Many Eurosceptic lawmakers praised the chance for voters to express their view, but they were fiercely opposed to certain details in the bill, including plans to do away with restrictions on government campaign activity in the run-up to the referendum.
Reuters reported that Britain's election watchdog says it is concerned about the scrapping of a so-called "purdah" period, which bars the government from making public anything which could influence the results.

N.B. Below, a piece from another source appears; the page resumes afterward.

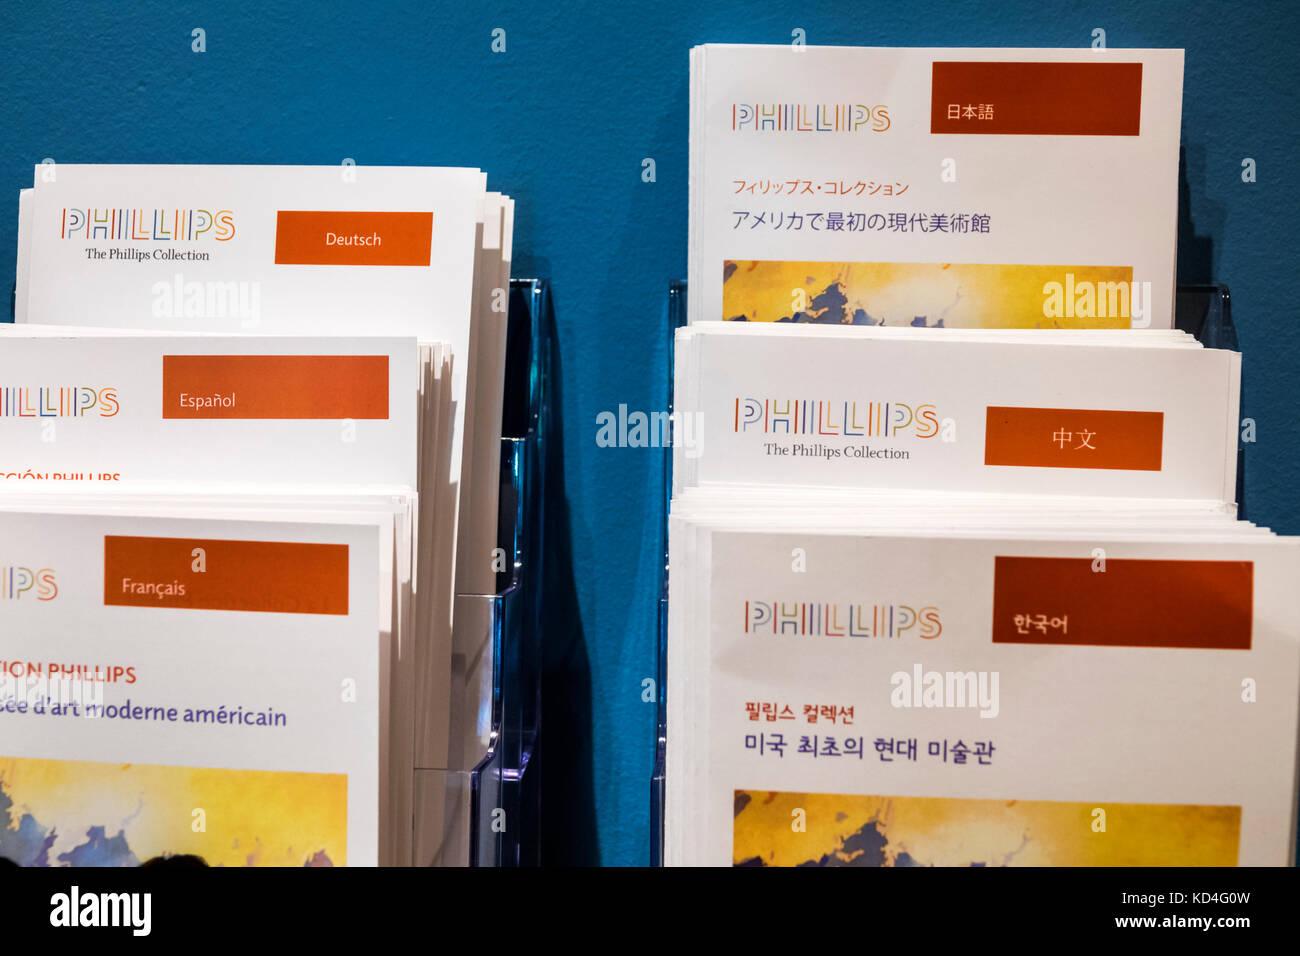 Washington DC District de Columbia Phillips Collection art museum exhibit guide affichage brochure Langues Espagnol Photo Stock

It warned it could see the government utilizing unlimited amounts of public funds on promoting its preferred result, giving an “unfair advantage to one side of the argument.”
Foreign Secretary Philip Hammond assured Cameron's administration would not use large amounts of public money to support any one side in particular, however, the lawmakers were not convinced.
"If the British people sense there is no fairness, that this is being rigged against them ... that will go down extremely badly," Conservative lawmaker and former minister Owen Paterson said. "This incredibly important moment could be seen to be illegitimate."
"Any attempt now to rig this vote now will simply amplify the distrust the voters already have," Eurosceptic Conservative lawmaker Bill Cash, who led a rebellion against Major over the EU's Maastricht treaty in the early 1990s, told Reuters.
The members of parliament from the Scottish National Party, which took almost all seats in Scotland in the recent general elections, are against the bill. The SNP warns its members could demand another referendum on Scotland’s independence from the U.K. if England votes in favor of abandoning the EU bloc.
"It would be outrageous, disgraceful, undemocratic and unacceptable to drag Scotland out of the European Union against the wishes and will of the Scottish people,"Alex Salmond, former SNP leader, told parliament.